The Dust of 100 Dogs - A. S. King [1]
But after a meeting with my first grade teacher, they had to sit me down and ask a few things.
“Saffron, how did you know so much about the second world war?”
“I guess I saw it on the TV,” I answered, trying not to sound coy.
My father frowned. “You couldn’t have seen it on the TV. They don’t say that much on the TV.”
“Must have read it in a book, then.”
“Sweetie, we don’t have any books like that. Did you read it somewhere else?” my mother cooed.
“I must have.”
“Hmmm.”
“Saffron, we know you’re a very clever girl, but do you think there’s a way you could stop showing off in class? Mrs. Zeiber is concerned that you’re making the other children feel bad,” she said.
“Then why don’t they put me in a higher grade?” I didn’t like Mrs. Zeiber, but now I had reason to like her even less. I pictured myself liberating her eyeball from its socket and tossing it onto the merry-go-round in the first grade recess area.

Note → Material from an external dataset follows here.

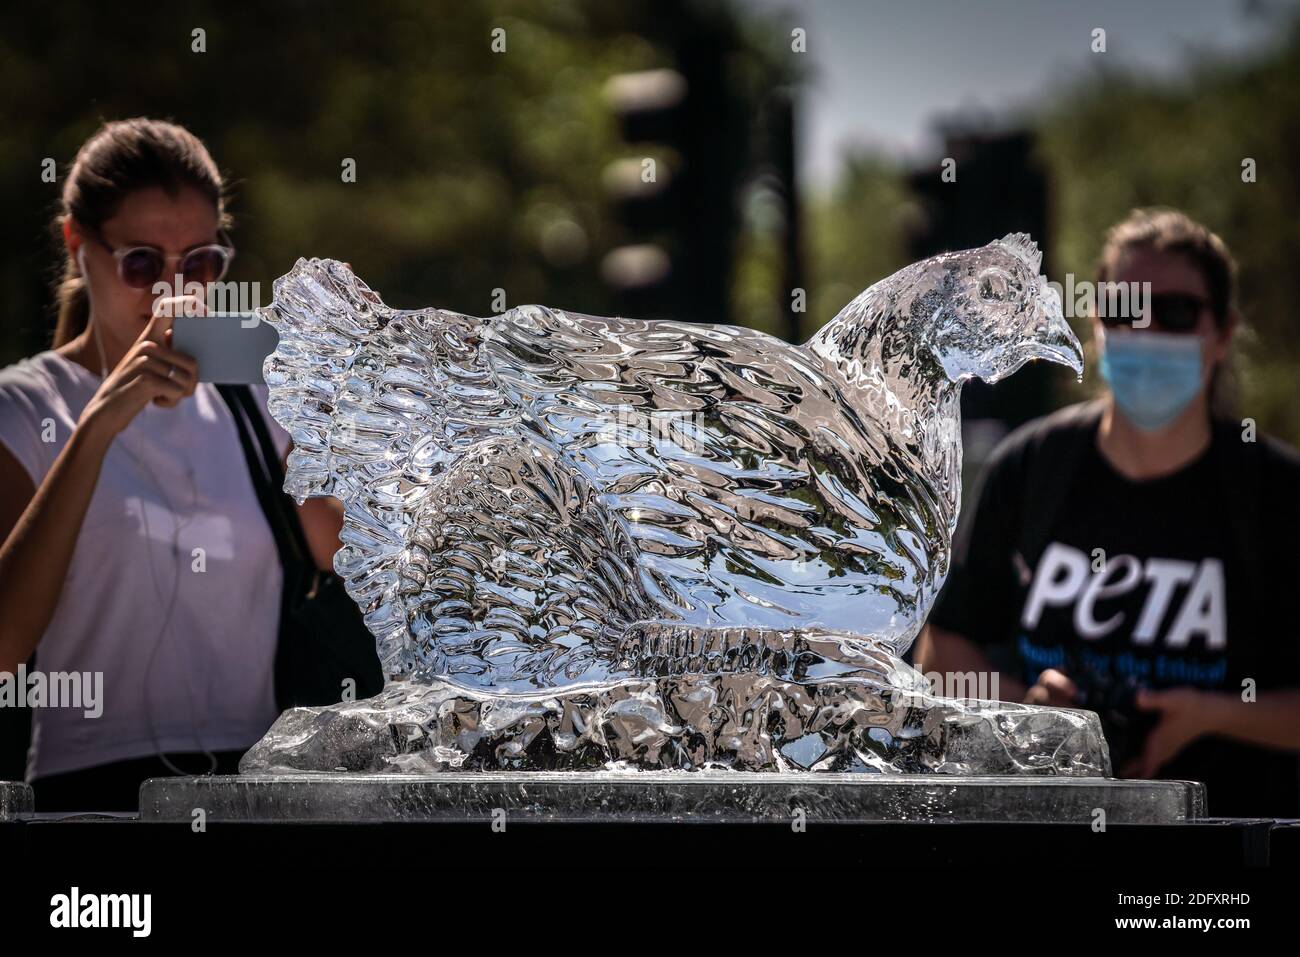 Manifestation de la vague de chaleur PETA. Les militants des droits des animaux PETA placent un trio de sculptures sur glace animales, dont une vache, un porc et un poulet pour fondre lentement, Londres Banque D'Images

“But we thought you liked being in Mrs. Zeiber’s class.”
“I do, but I’m pretty bored. I’m sick of counting to a hundred,” I whined.
They looked at me, and shrugged at each other. Two weeks later, after winter break, I was enrolled in the district’s gifted program—the ultimate place for showing off knowledge that no other first grader could have. I blabbered about everything—the goings-on in the Truman White House, the main tenets of Hinduism, the political complications of Central Africa. My peers envied me, even the teachers envied me. I was like a miracle kid or something, and people started to talk.
The next year, I realized that life as Saffron Adams would have to be far more inconspicuous. I couldn’t go around claiming to be a genius, and I couldn’t go telling stories from history that I shouldn’t know yet. I guess I realized that the more I said, the more chance I had of ruining everything I was working toward.
It was then, in 1980, the year I turned eight years old, that I forged my plan to return to the Caribbean Sea. Most of the other kids in my class were toying with being rock stars or President of the United States, but I had something much more appealing in mind. Finally done with my one hundred lives as a dog, I would one day reclaim my jewels and gold, hold them close to my heart, and live happily ever after.
So from that day forward, in order to seem my age when people asked me what I wanted to be when I grew up, I answered accordingly.
“I want to be a pirate,” I would say. And they would smile and think, “Isn’t she sweet?”
Growing up where I did, it was kind of funny for a kid to want to be a pirate, I guess. There wasn’t a spot of water for miles. Three hundred miles, to be exact, to the New Jersey shoreline. My mother liked it that way. When we took our week-long vacation in the summer, we always went west or north or south, but never east.
“I’ve spent enough time near the sea for this life,” she would say. But still, all my sister’s friends spent their vacations walking the boardwalk eating ice cream and saltwater taffy, while we took historical outings. Sometimes, if we would whine too much about the mosquitoes or the boring Civil War battlefields of Virginia, she would scare us with lies: “Children your age go missing every summer on the boardwalk,” or “I won’t have you running around half naked in front of old perverts.” She would turn her eye to my teenaged sister and whisper, “Especially you, Patricia.”
It wasn’t until I got older that I learned what she had against the sea.
Once Patricia had moved out and Darren was packed for college, my mother began to need me more. I used to talk to her on the rare nights when, feeling lonely, she would sit at the kitchen table with a bottle of Irish whiskey. On a night in 1985, she told me what happened to her family back in the 1950s. I was thirteen.
Her brother Jim had called from Ireland that night, which he often did since he’d found us six years earlier.